11.1 REGISTER VARIABLES

In chapter 6 we mentioned that there are four different storage class specifications in C, and we discussed about three of them- automatic, external and static- in detail. We now turn our attention to the last of these, which is the register storage class.

Registers are special storage areas within the computer's central processing unit. The actual arithmetic and logical operations that comprise a program are carried out within these registers.Normally, these operations are carried out by transferring information from the computer's memory to these registers, carrying out the indicated operations, and then transferring the results back to the computer's memory. This general procedure is repeated many times during the course of a program's execution.

The register and automatic storage classes are closely related.In particular, their visibility (i.e. their scope) is the same. Thus, register variables, like automatic variables, are local to the function in which they are declared. Furthermore, the rules governing the use of register variables are the same as those for automatic variables, except that the address operator(&) cannot be applied to register variables.

The program presented below is a variation of that shown in Section 6.4, for generating a series of Fibonacci numbers.

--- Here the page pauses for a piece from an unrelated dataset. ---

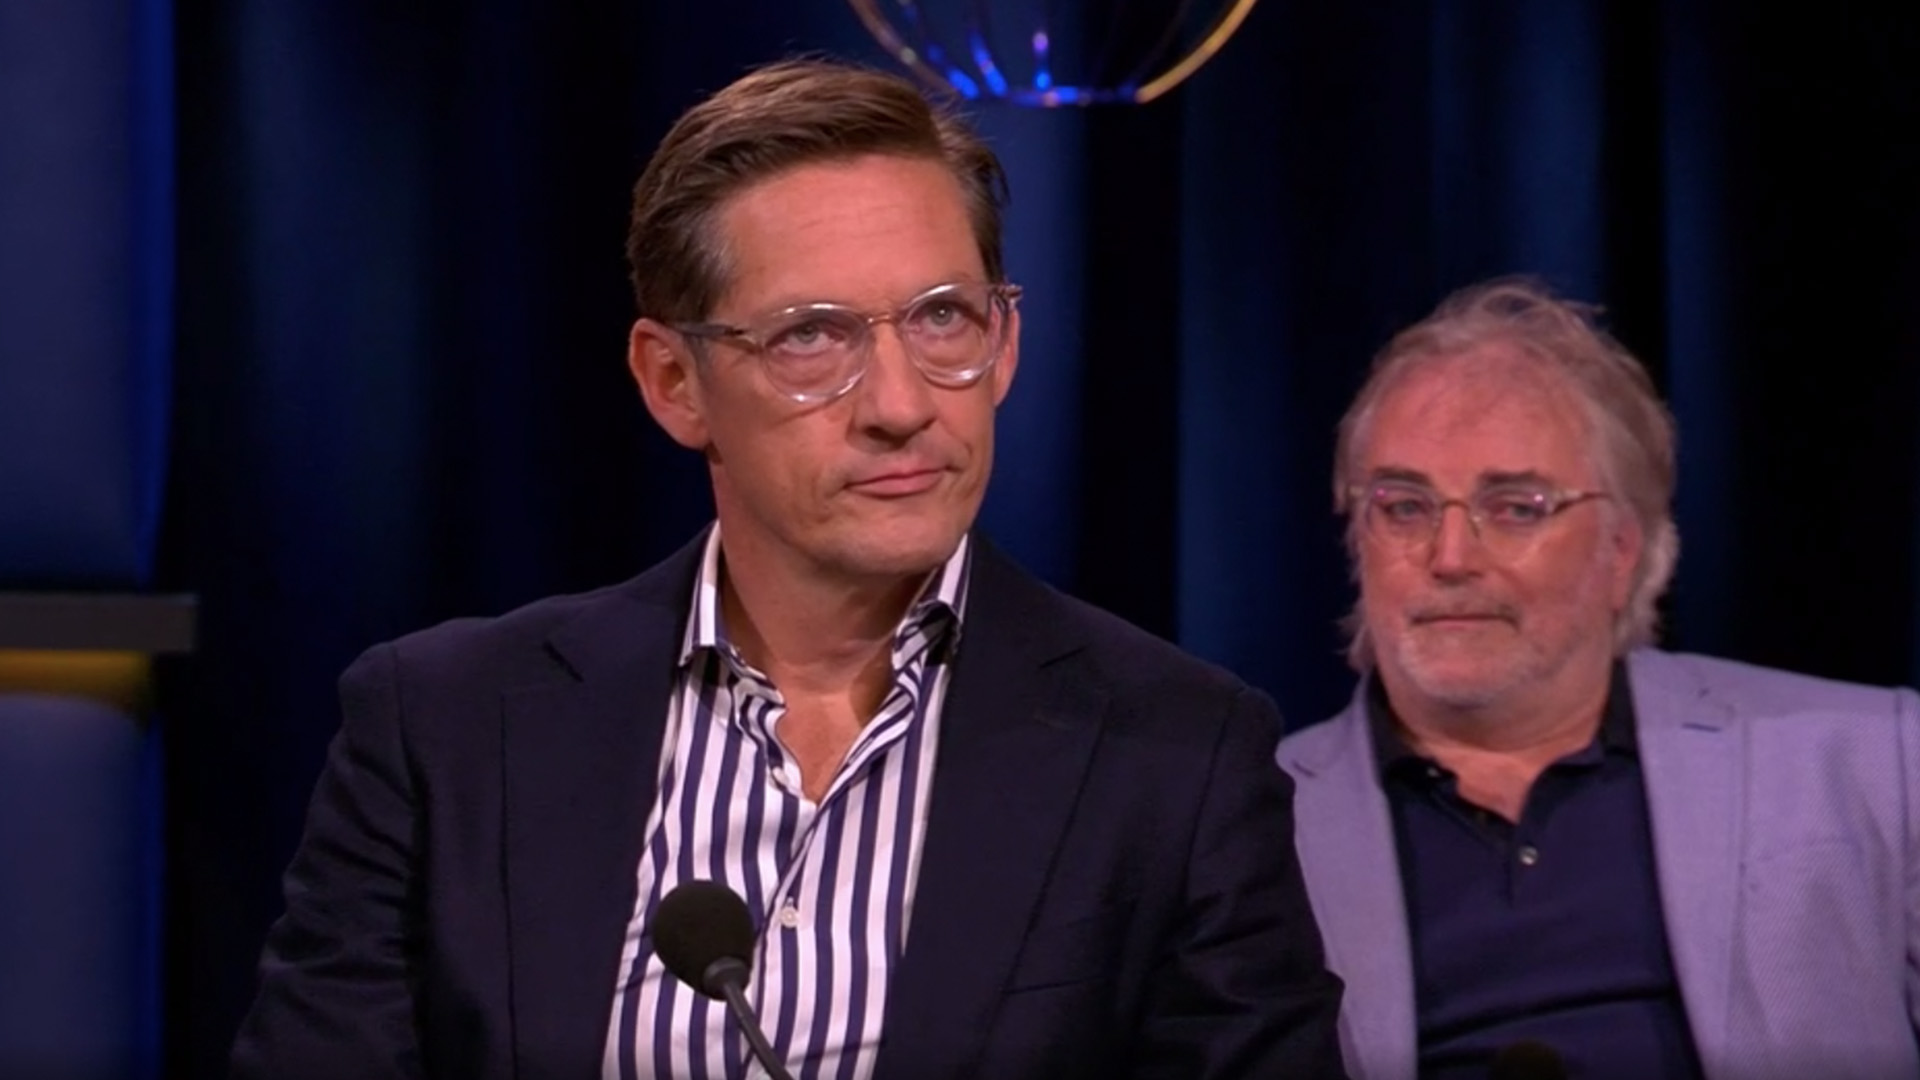 Joost Eerdmans Staat Vierde Op De Kandidatenlijst Van Forum Voor Democratie Op1

/* calculate the first 23 Fibonacci numbers 10,000,000 times, to illustrate the use of register variables*/

#include < stdio.h >

#include < time.h >

 

long int fibonacci  (int count);

main()

{

time_t start, finish;  /* start and finish times*/

int count, n=23;

long int loop, loopmax = 1000000;

register int f , f1, f2;

/* tag the starting time*/

time(&start);

/* do multiple loops*/

for (loop=1; loop <= loopmax; ++loop)  {

f1=1;

f2=1;

 

/*generate the first n Fibonacci numbers*/

for (count=1;count <= n;++count)   {

f= (count < 3)? 1 : f1+f2;

f2=f1;

f1=f;

}

}

/* adjust the counter and tag the completion time*/

--count;

time(&finish);

/*display the output*/

printf ("i= %d  F= %d\n", count, f);

printf ("elapsed time: %0.1f seconds", difftime (finish, start));

}

The program includes three integer variables that have the register storage class. Only 23 Fibonacci numbers will be calculated, since the Fibonacci numbers are represented as ordinary integer variables (higher Fibonacci numbers will generate an integer overflow).The calculation of the Fibonacci numbers is repeated 10,000,000 times, in order to obtain a reasonably accurate assessment of the time required to execute the program.

The variables start and finish are of type time_t, as defined in the header file time.h.The program also makes use of the library function difftime, which returns the time difference defined  by the variables finish and start.



When executed on a Pentium-class desktop computer, the following results were obtained:

i=23  F=28657
elapsed time: 37 seconds

If the program is rerun without the register declaration (i.e., if the variables f, f1 and f2 are declared as ordinary integer variables), the output is essentially the same.When run with an older desktop computer, however the use of register class resulted in a 36 percent reduction in computer time.